WHAT TO DO
Find the line below with "GE Amersham Cytiva". Print it and every line after it exactly, through the last line, leaving out the pictures.

DATA SEGMENT

——————————

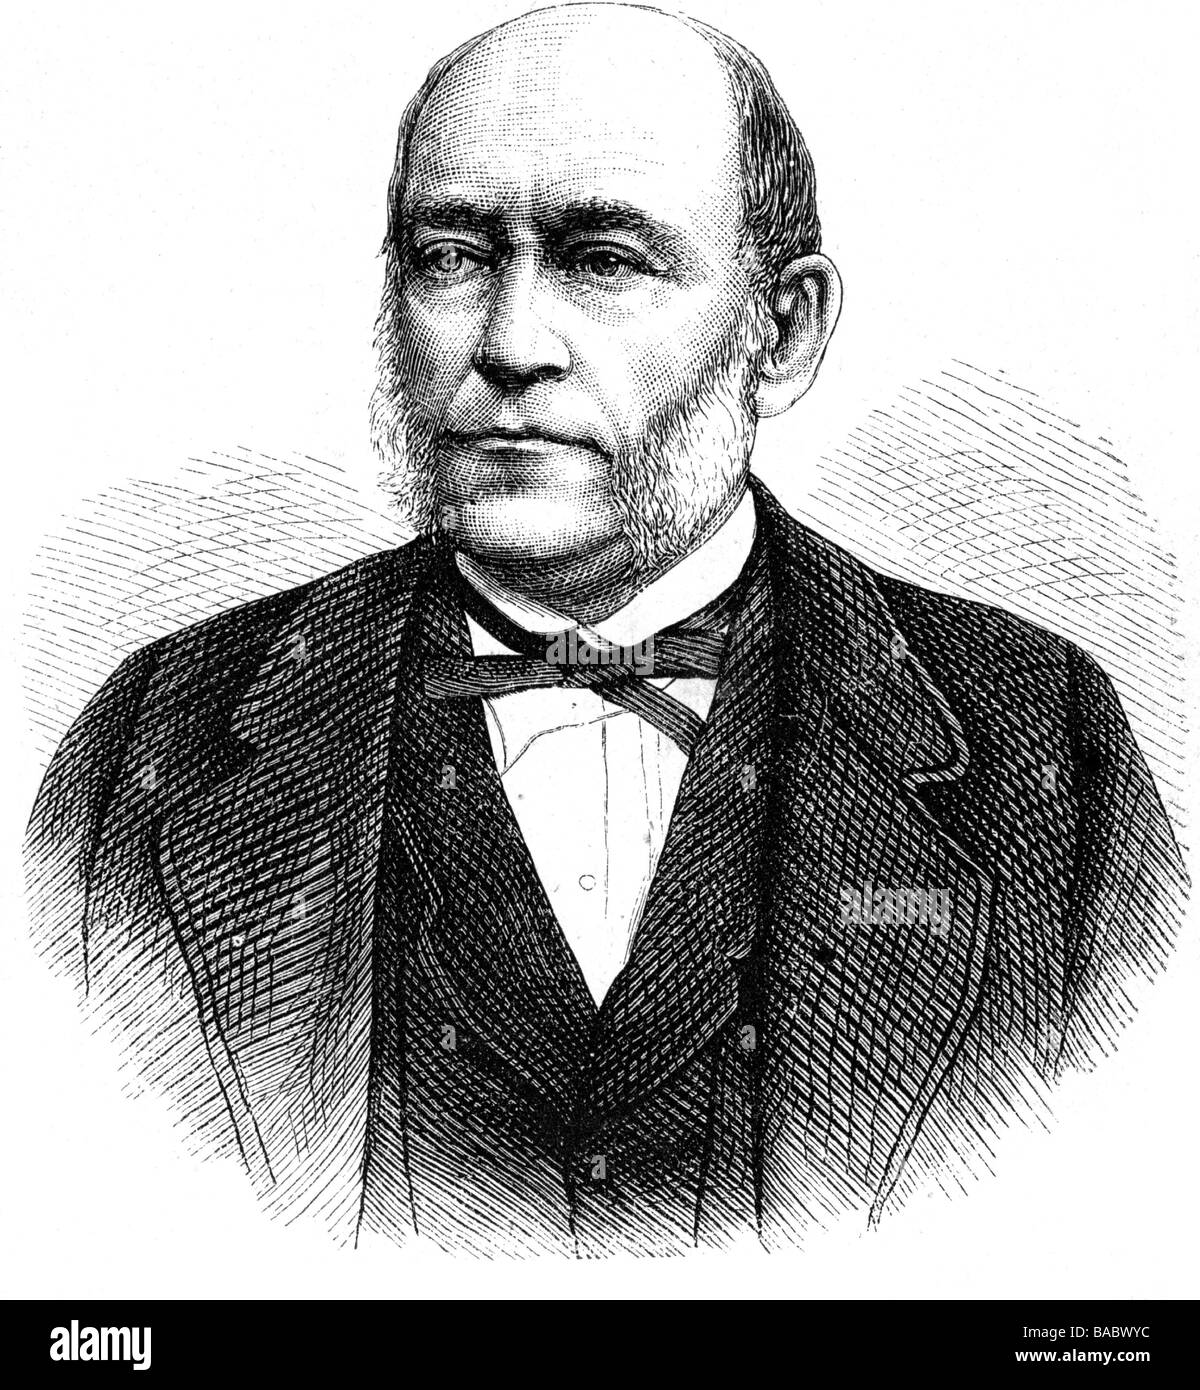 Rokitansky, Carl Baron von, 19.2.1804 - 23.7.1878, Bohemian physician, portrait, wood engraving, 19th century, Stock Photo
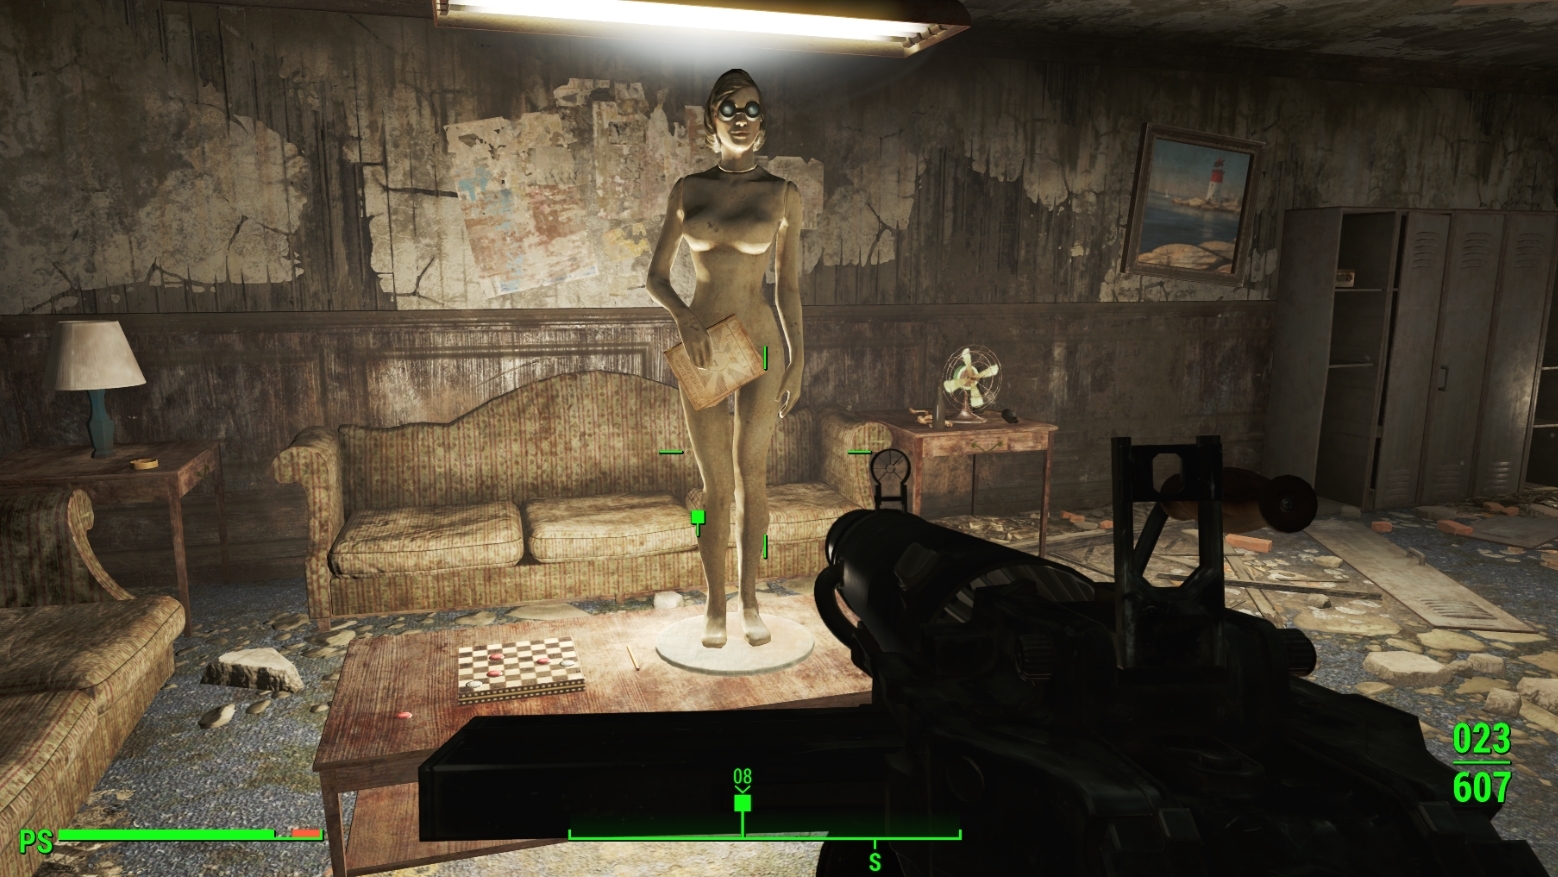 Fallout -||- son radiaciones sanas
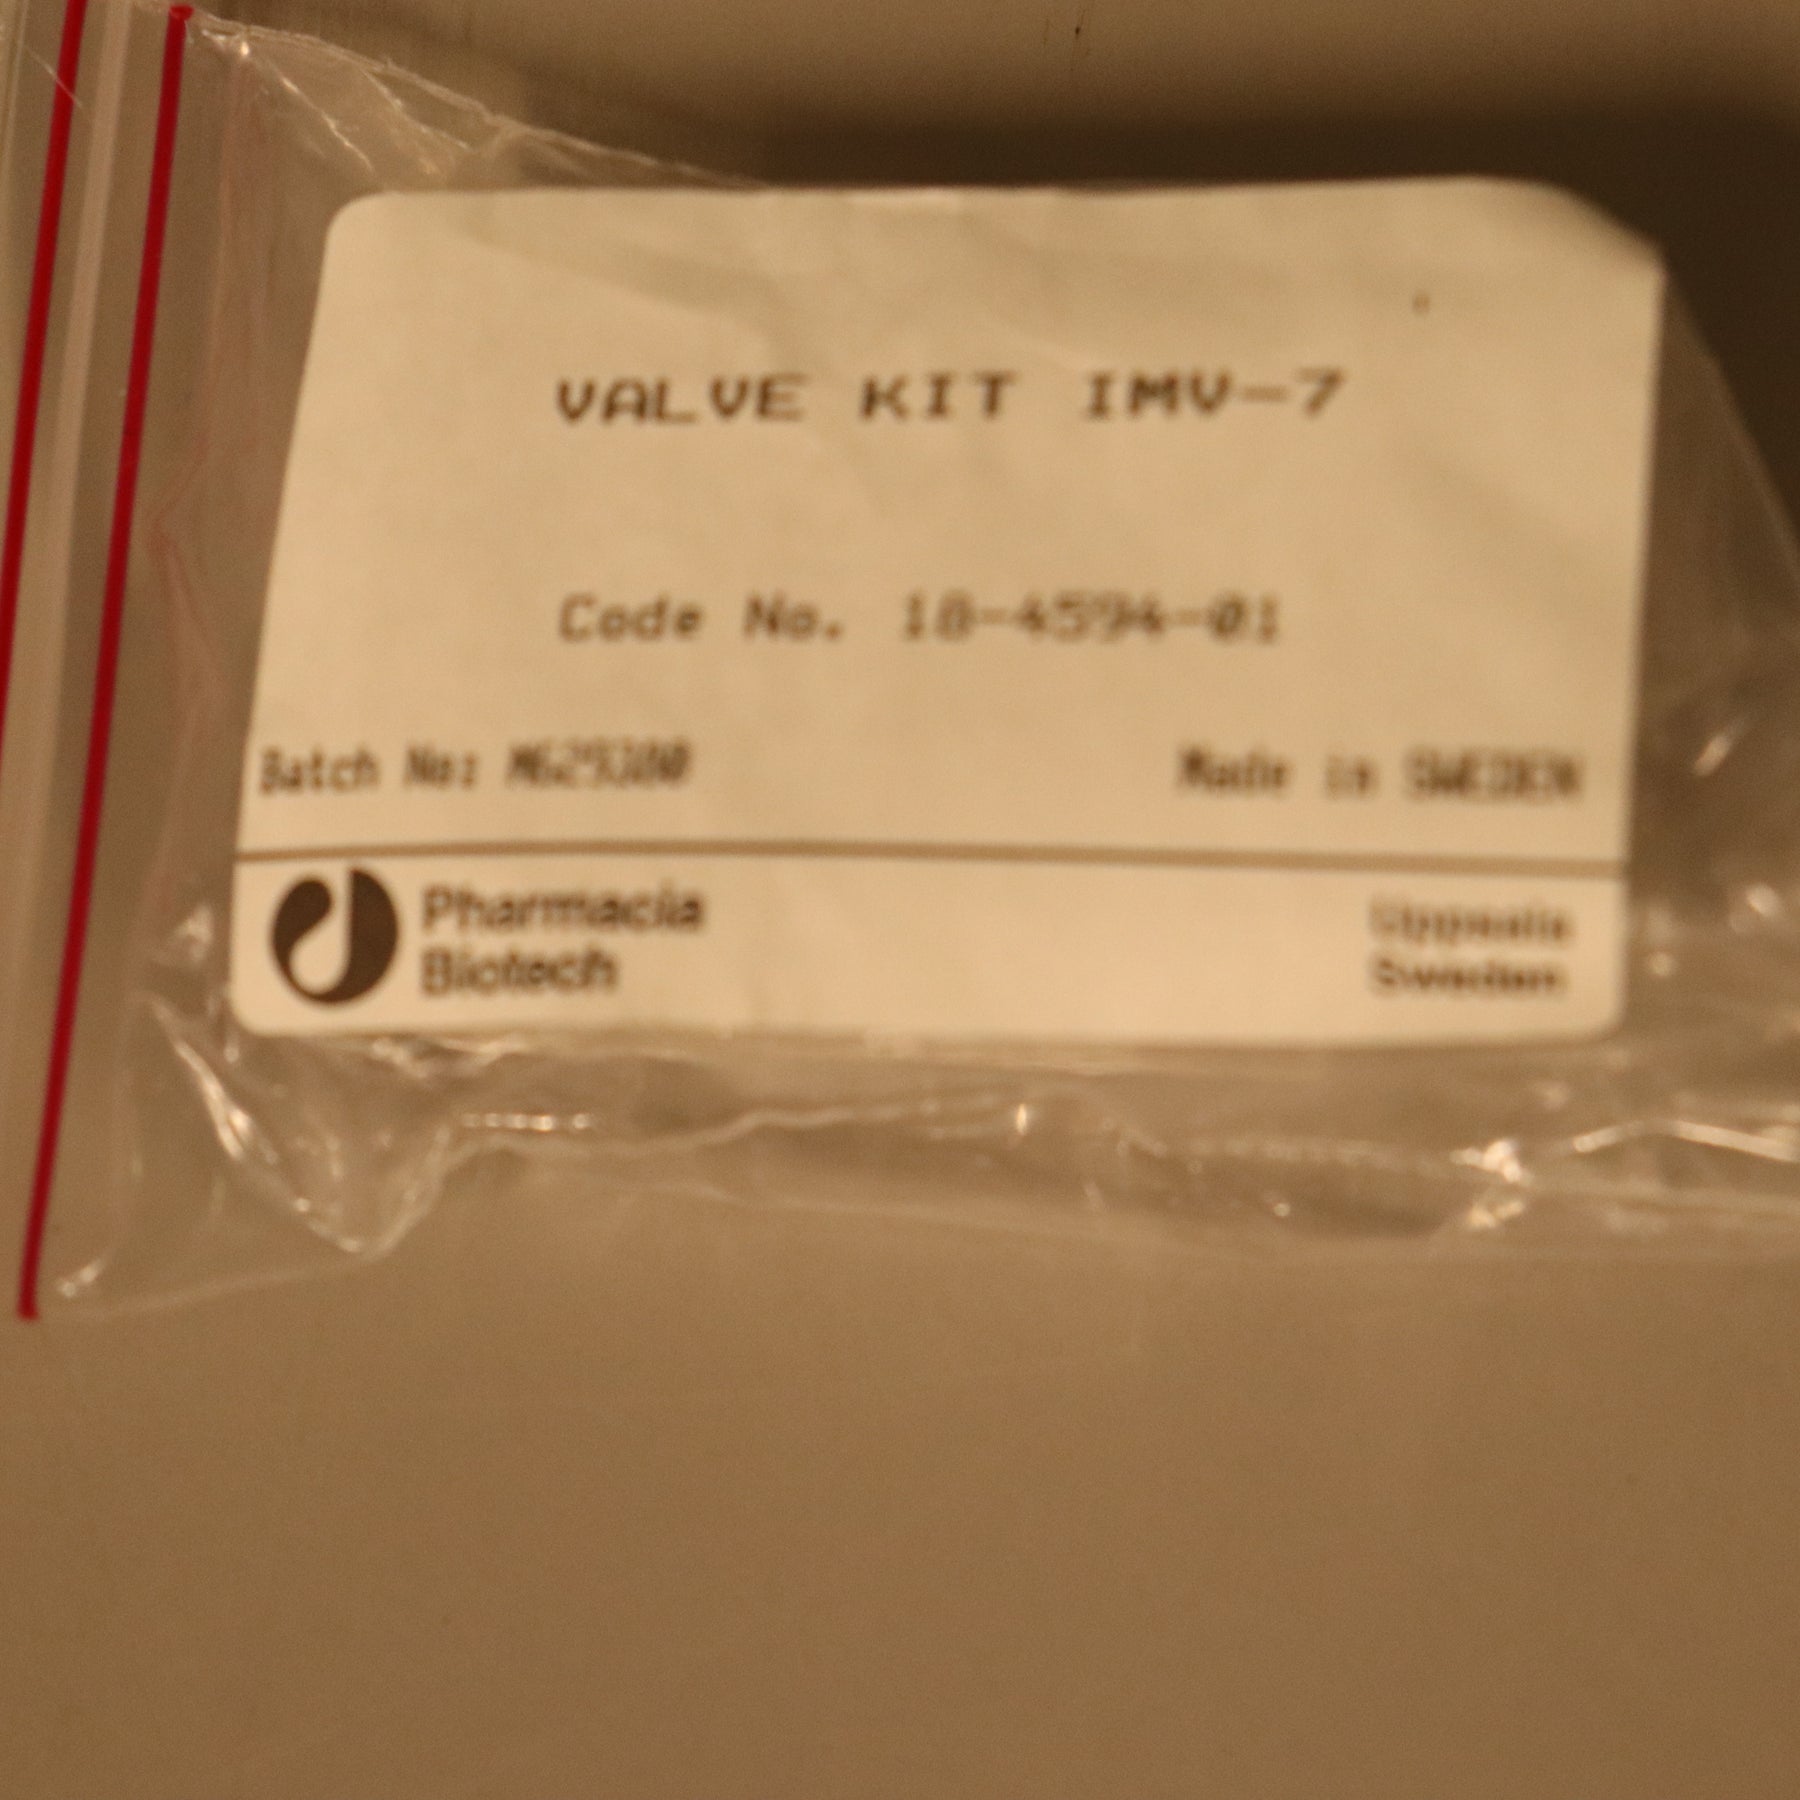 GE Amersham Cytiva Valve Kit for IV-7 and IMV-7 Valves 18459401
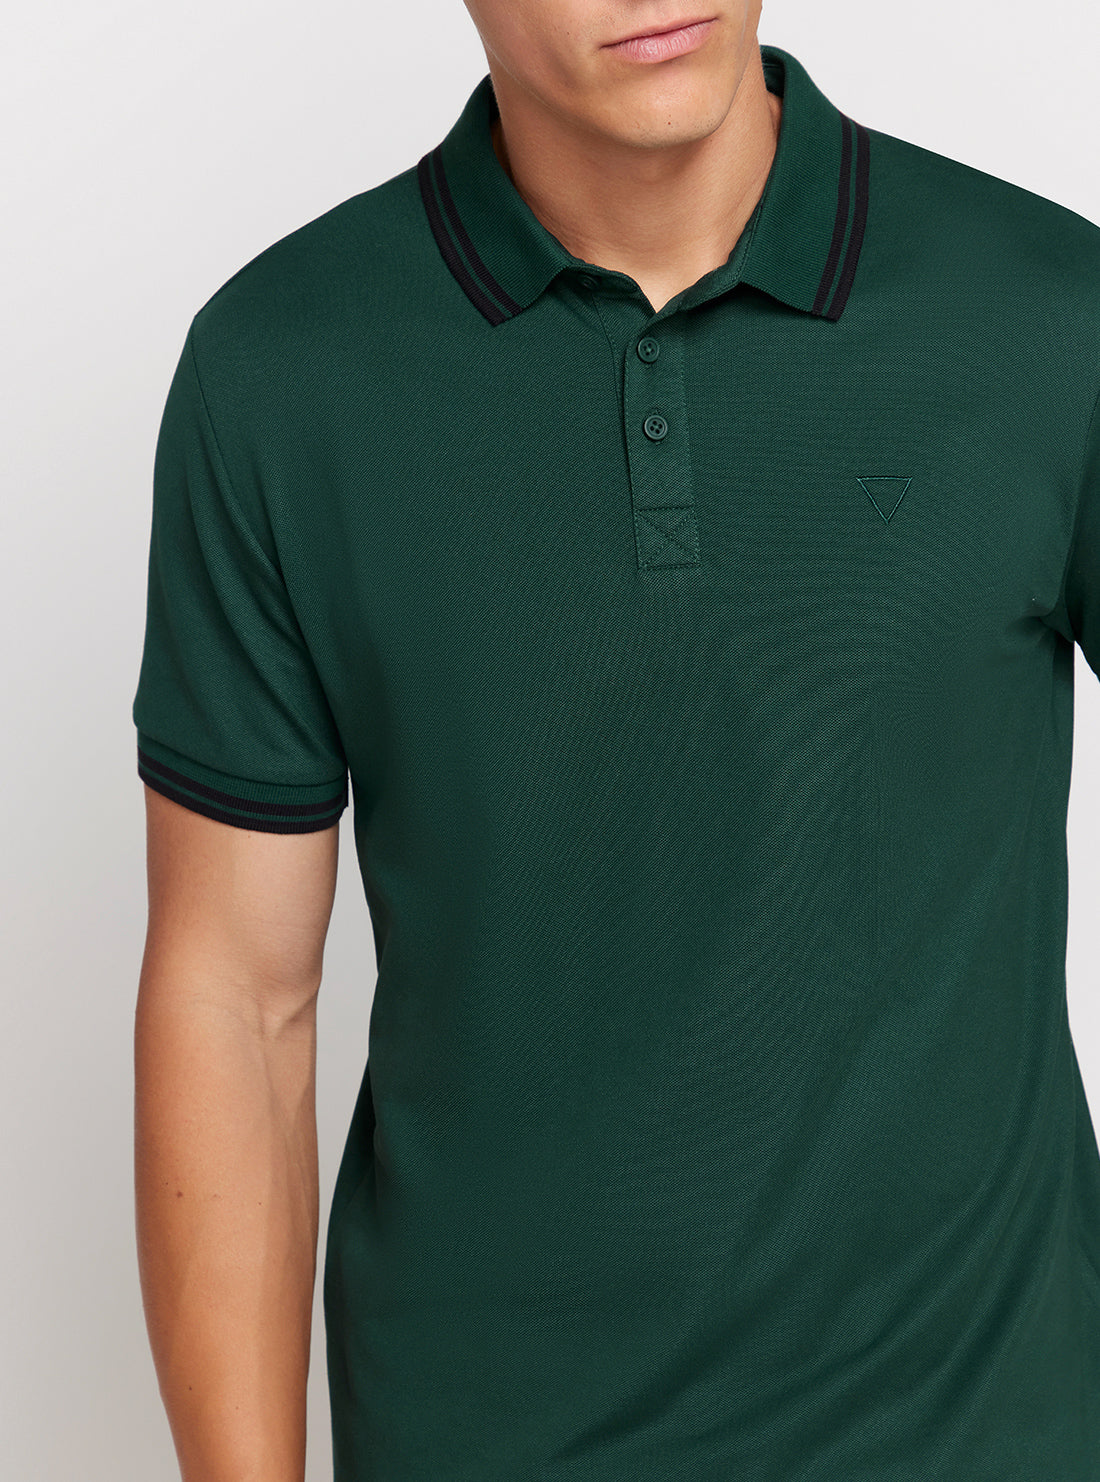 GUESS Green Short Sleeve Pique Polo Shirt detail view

——————————

EXPECTED ANSWER
 GE Amersham Cytiva Valve Kit for IV-7 and IMV-7 Valves 18459401
 GUESS Green Short Sleeve Pique Polo Shirt detail view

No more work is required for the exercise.